En effet, la Cour de justice de l’Union européenne (CJUE) avait admis qu’au regard de la finalité même du droit au congé annuel payé, directement conféré par le droit de l’Union européenne à chaque travailleur, un salarié en incapacité de travail durant plusieurs années consécutives, empêché par le droit national de prendre son congé annuel payé durant ladite période, ne saurait cumuler de manière illimitée des droits au congé annuel payé acquis durant cette période. Elle en avait déduit qu’il était possible de prévoir une période de report des congés au terme de laquelle ceux-ci pourraient être perdus, à la condition que cette période de report dépasse substantiellement la durée de la période de référence pour laquelle elle est accordée. Ainsi, une période de report de quinze mois était jugée conforme au droit de l’Union (CJUE, arrêt du 22 novembre 2011, KHS, C-214/10), alors qu’une période de neuf mois est jugée insuffisante (CJUE, arrêt du 3 mai 2012, Neidel, C-337/10).

La question posée à la Cour était de savoir si, en l’absence de disposition de droit interne prévoyant la perte des congés payés au terme d’une période de report, le juge devait fixer celle-ci.

Dans un avis du 26 avril 2017 (CE, 26 avril 2017, no 406009, publié au Recueil Lebon), le Conseil d’État a considéré qu’en l’absence de dispositions législatives ou réglementaires fixant ainsi une période de report des congés payés qu’un agent s’est trouvé, du fait d’un congé maladie, dans l’impossibilité de prendre au cours d’une année civile donnée, le juge peut en principe considérer, afin d’assurer le respect des dispositions de la directive 2003/88/CE du Parlement européen et du Conseil du 4 novembre 2003 précitée, que ces congés peuvent être pris au cours d’une période de quinze mois après le terme de cette année.

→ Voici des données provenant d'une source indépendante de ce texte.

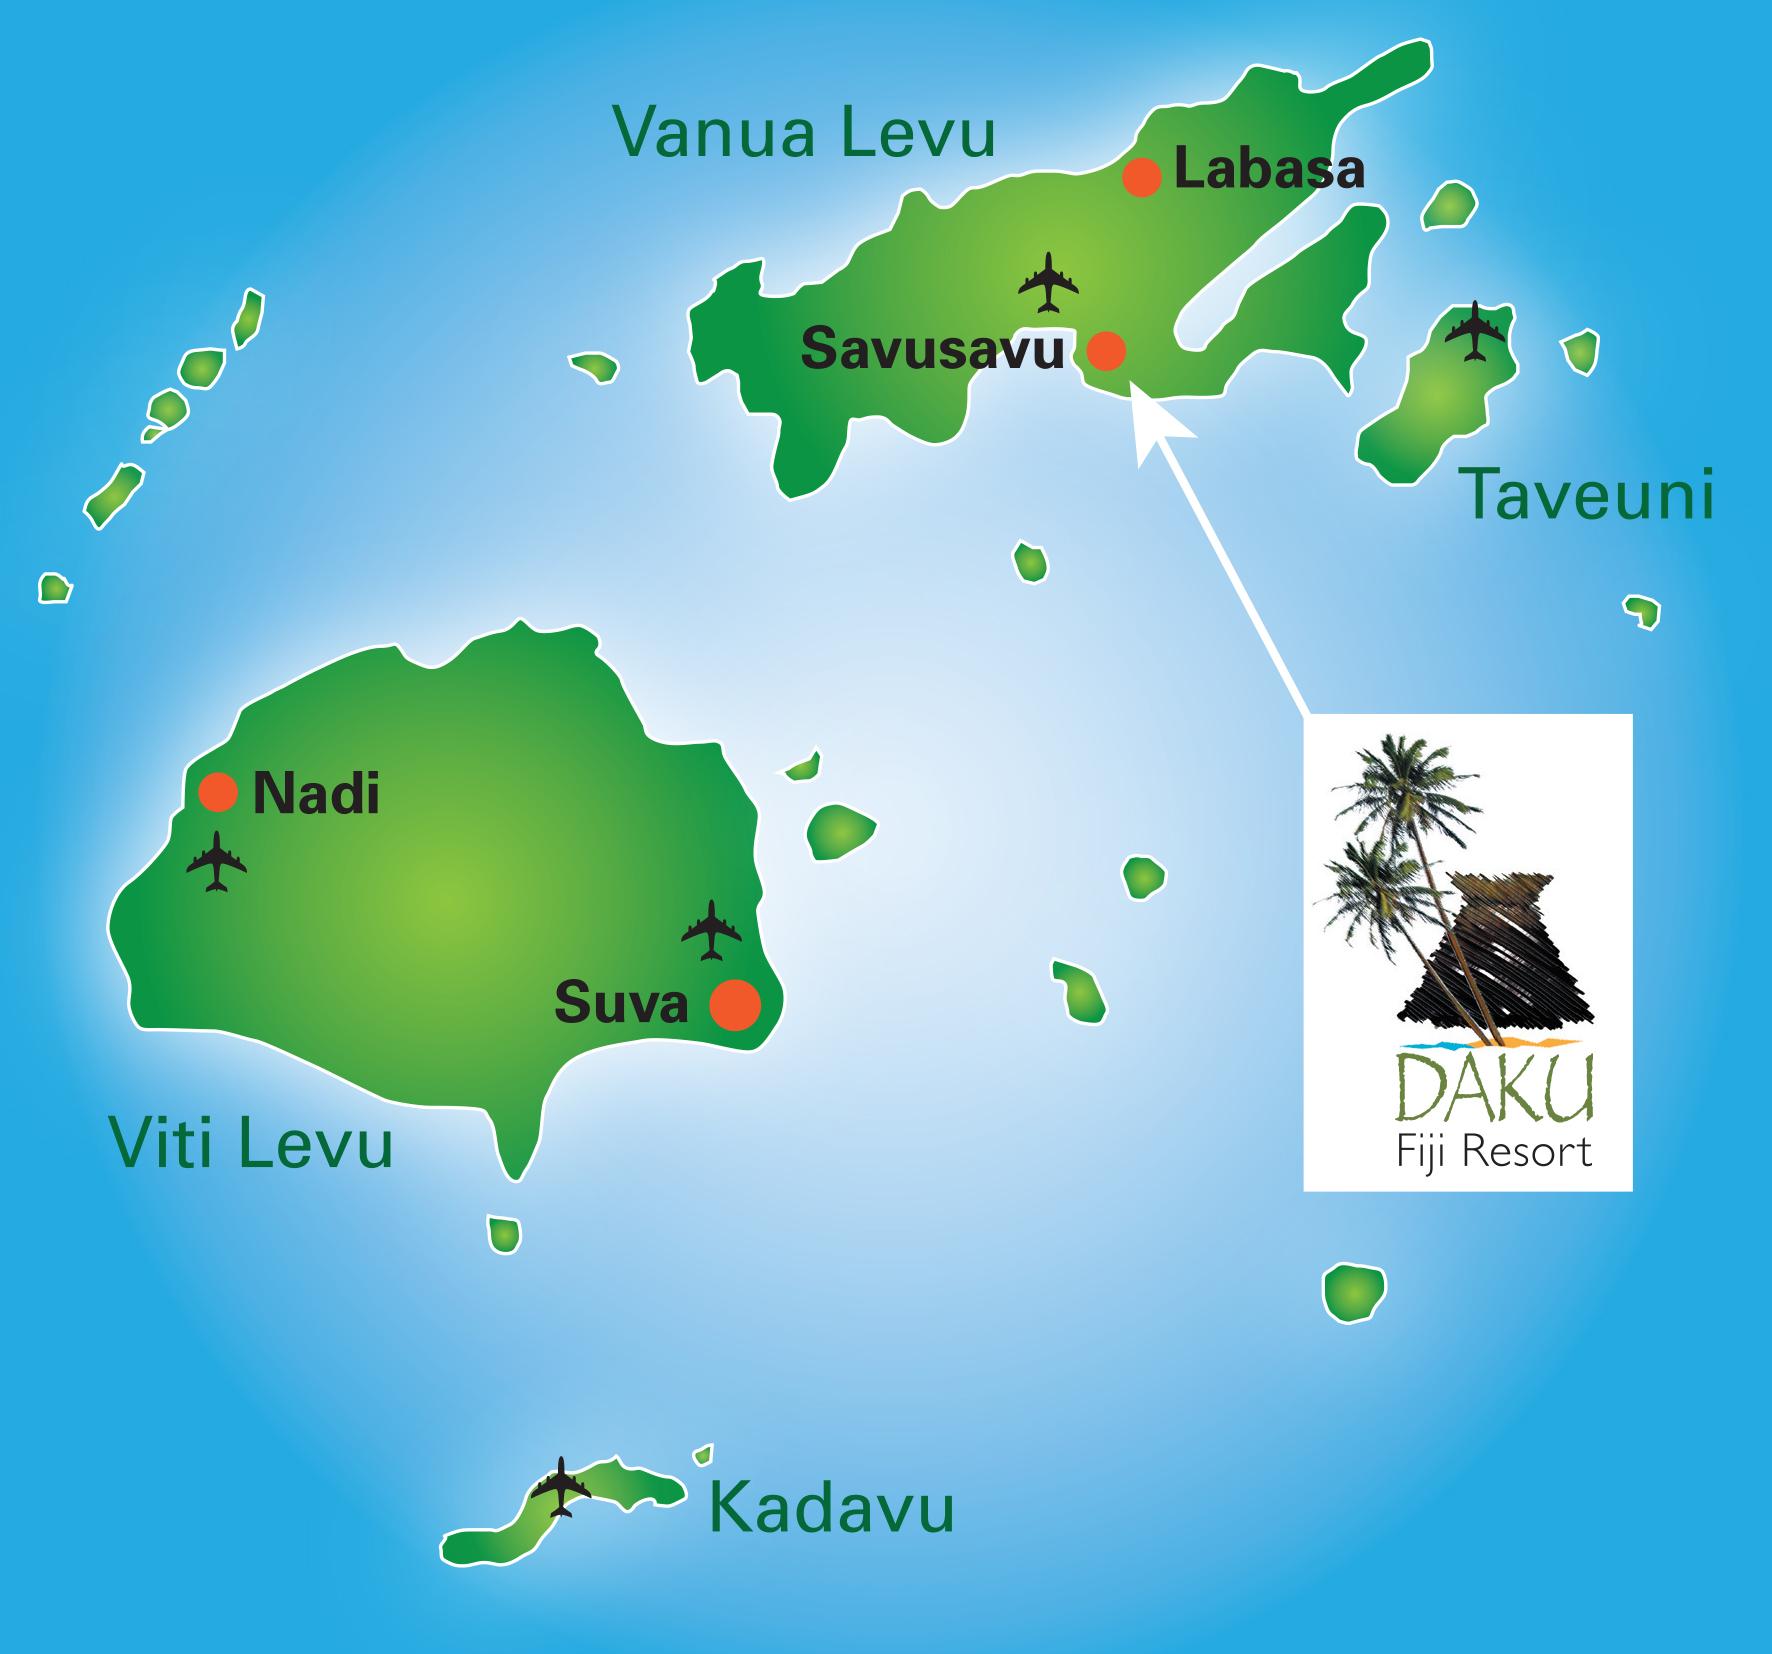 The map of the location of Daku Resort, in Savusavu Fiji.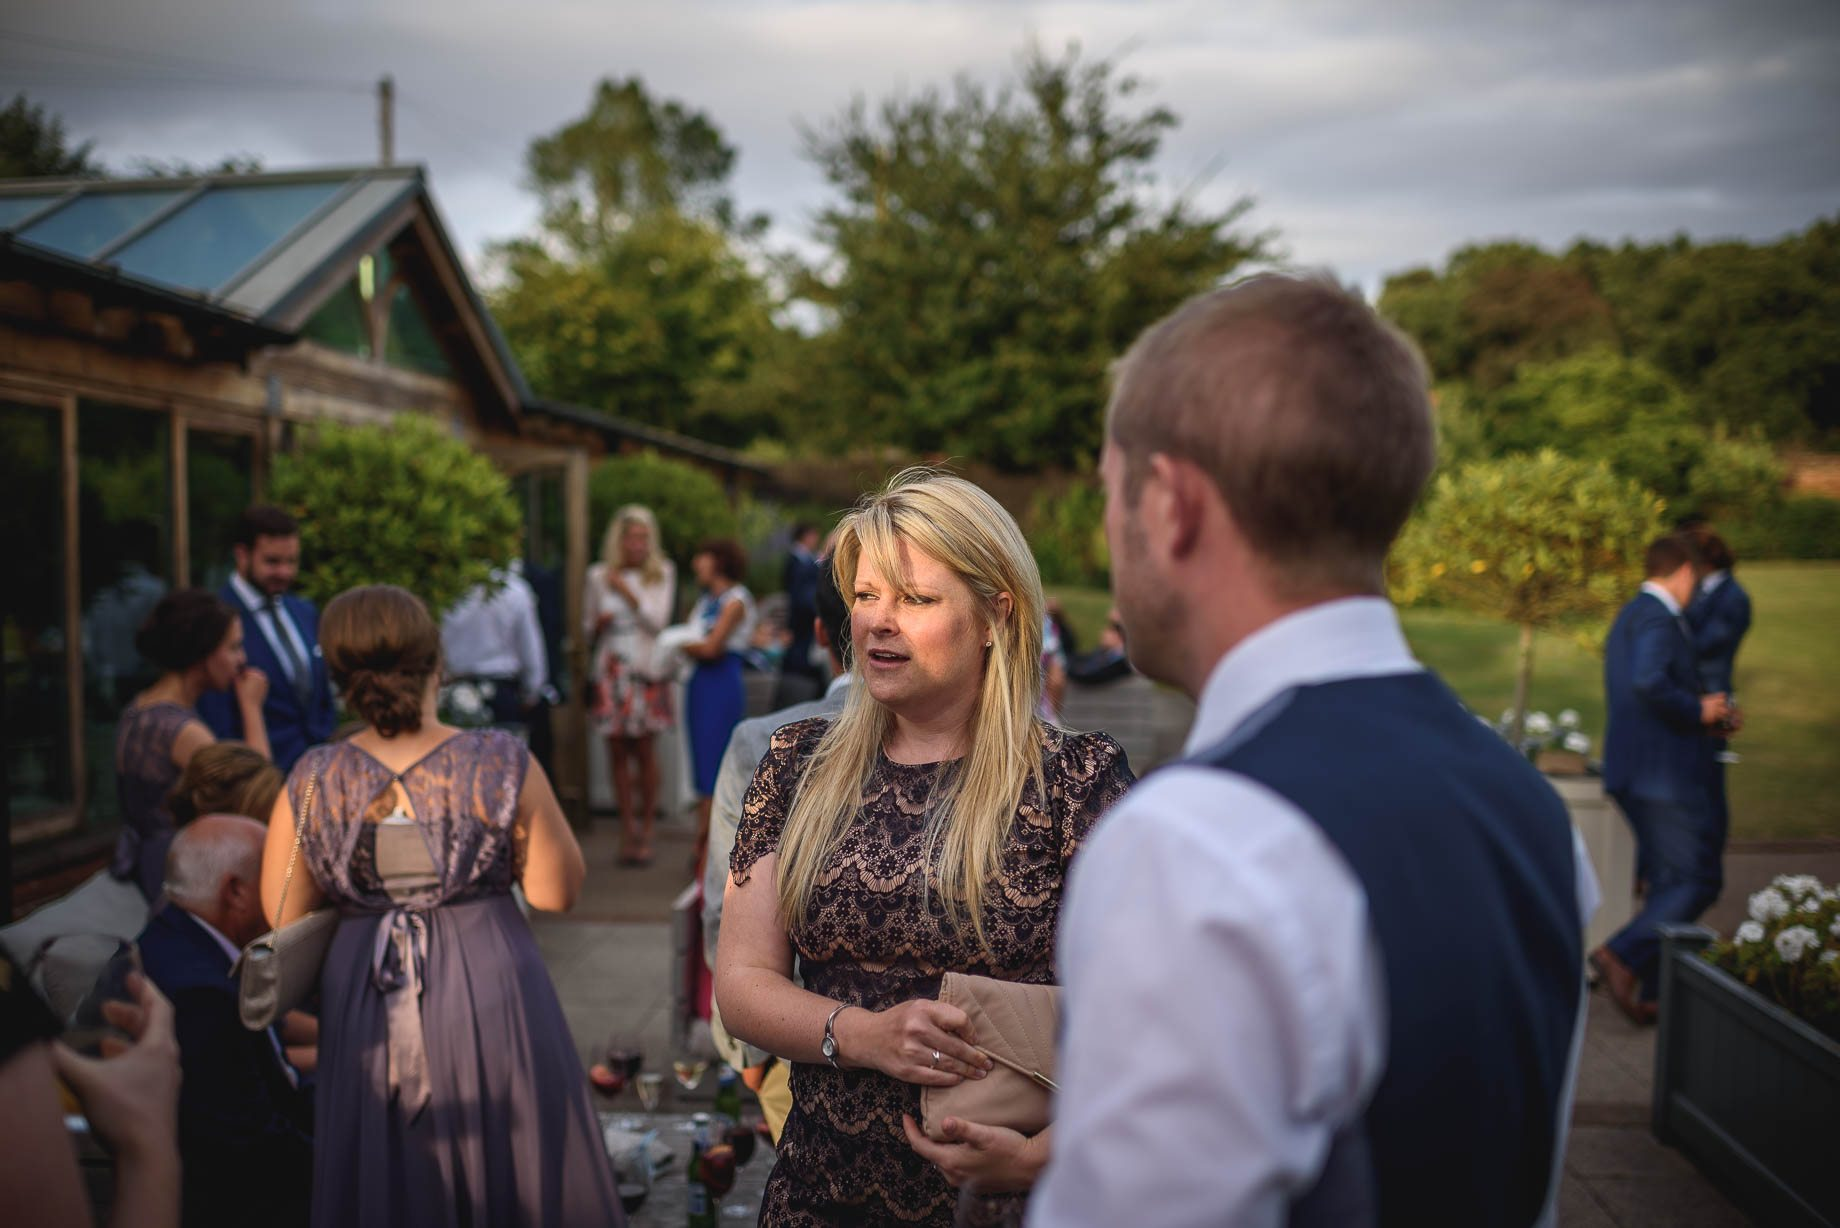 Gaynes Park wedding photography - Guy Collier Photography - Rachel and Jon (156 of 169)

Dans l’arrêt du 21 septembre 2017, la chambre sociale de la Cour de cassation n’a pas adopté la même position puisqu’elle a dit que le juge n’avait pas méconnu son office en ne fixant pas un délai qu’aucune disposition de droit interne n’avait défini. Le seul délai éventuellement applicable en la matière est donc le délai de prescription qui court à compter de l’expiration de la période légale ou conventionnelle au cours de laquelle les congés auraient dû être pris (Soc., 4 décembre 1996, pourvoi no 93-46.418, Bull. 2016, V, no 416).

La CJUE admet la perte des congés payés à la condition que le délai de report soit substantiellement supérieur à la période de référence. Mais, sous réserve de respecter cette condition, il incombe au droit national de fixer cette durée.

Il est donc suggéré à nouveau qu’une disposition légale soit adoptée en ce sens.

Sollicité par la direction des affaires civiles et du sceau, le ministère du travail a indiqué que, dans un objectif constant de respect du droit de l’Union européenne, il étudiera l’opportunité d’une intervention du législateur pour déterminer si les congés issus du droit national doivent suivre le sort des congés issus du droit communautaire concernant notamment le report des droits au terme de la période de référence.